One initiative he got involved in was with Peace Players International, which uses basketball to bring together children from divided communities.

Along with basketball player David Cullen, Ringland sought to have children from Wheatfield and Holy Cross primary schools in Ardoyne, Belfast, play together.

This was not a popular proposal in the segregated area - some parents called in lawyers to stop it - but eventually through Ringland and Cullen's perseverance, they were able to bring the children together.

Ringland doesn't seek to promote one cause over another - instead, he wishes Northern Ireland to be as inclusive as possible. He commends the IFA for stamping out sectarianism at Windsor Park and heralds the inclusive attitude of recently deceased Ulster GAA secretary Danny Murphy.

"Danny used to say that when Down play, they represent all of Down," Ringland says.

"It doesn't matter whether everyone supports them or not, that's not the point. He wanted people to understand that they wanted to represent all the people of Down.

"To me that should be called The Murphy Principle and it should govern not only sport, but many other relationships. You should look to include everyone in your area of influence."
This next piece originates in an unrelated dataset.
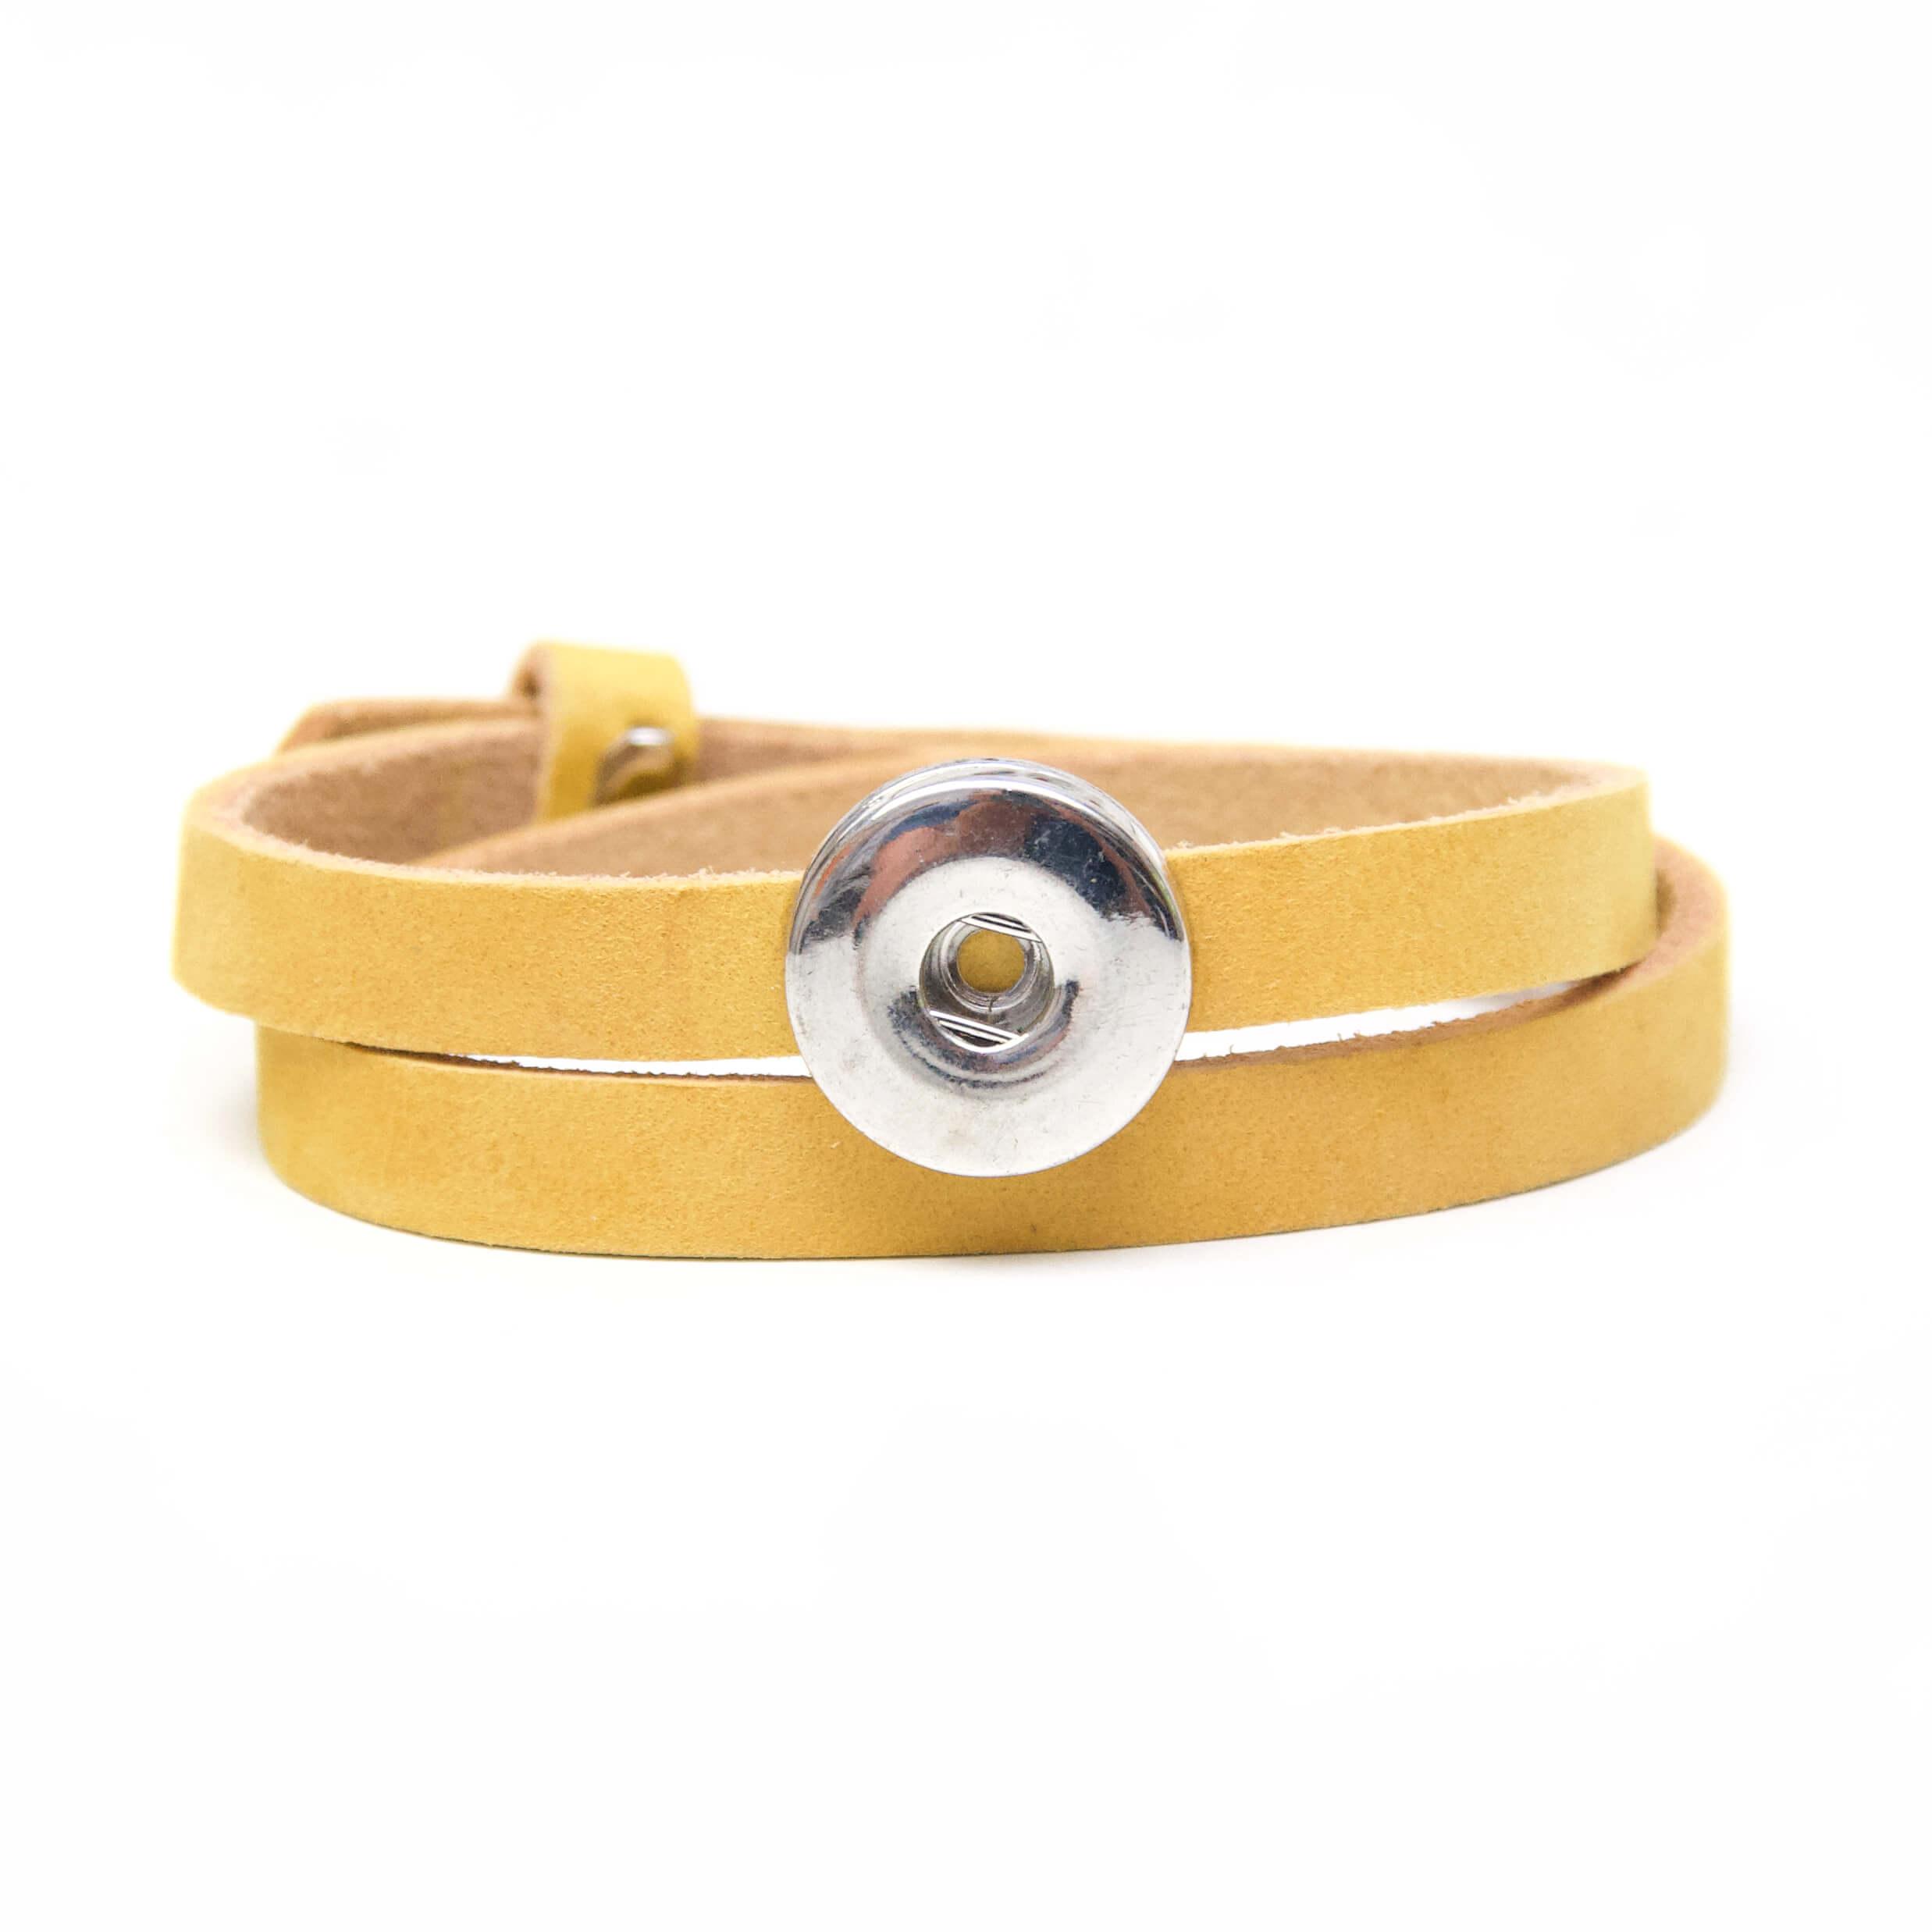 Druckknopf Lederarmband in gelb für 16mm Druckknöpfe

Ringland has followed the recent debate about the role of the flag and the anthem in the GAA with interest.

"I have always been impressed by the sense of community in the GAA," Ringland says.

"Sometimes, though, it's important that that sense of community is communicated successfully to people from different backgrounds."

Ringland is conscious of all the progress that has been made in the community in Northern Ireland, but he thinks that sporting organisations could be doing more to bring different communities together.

"I would see the Republic of Ireland competing in the Commonwealth Games," Ringland says.

"If that is unlikely, then people should stop talking about a United Ireland. It would have no consequence to it other than being part of a group of nations from around the world. If anyone is seriously talking about a United Ireland, if you want to include one million people in the concept of an Irish identity, then that would seem to me to be a no-brainer."

And although Ringland praises rugby for the steps they have taken to reach out to people on both sides of the border, he feels there is one crucial step missing.

"If you have All-Ireland sports, you have to have symbols of all parts of the island so why not stick a Northern Ireland flag up at the Aviva Stadium? If you are going to fly the tricolour then fly the Northern Ireland flag as well. Don't make a big issue of it."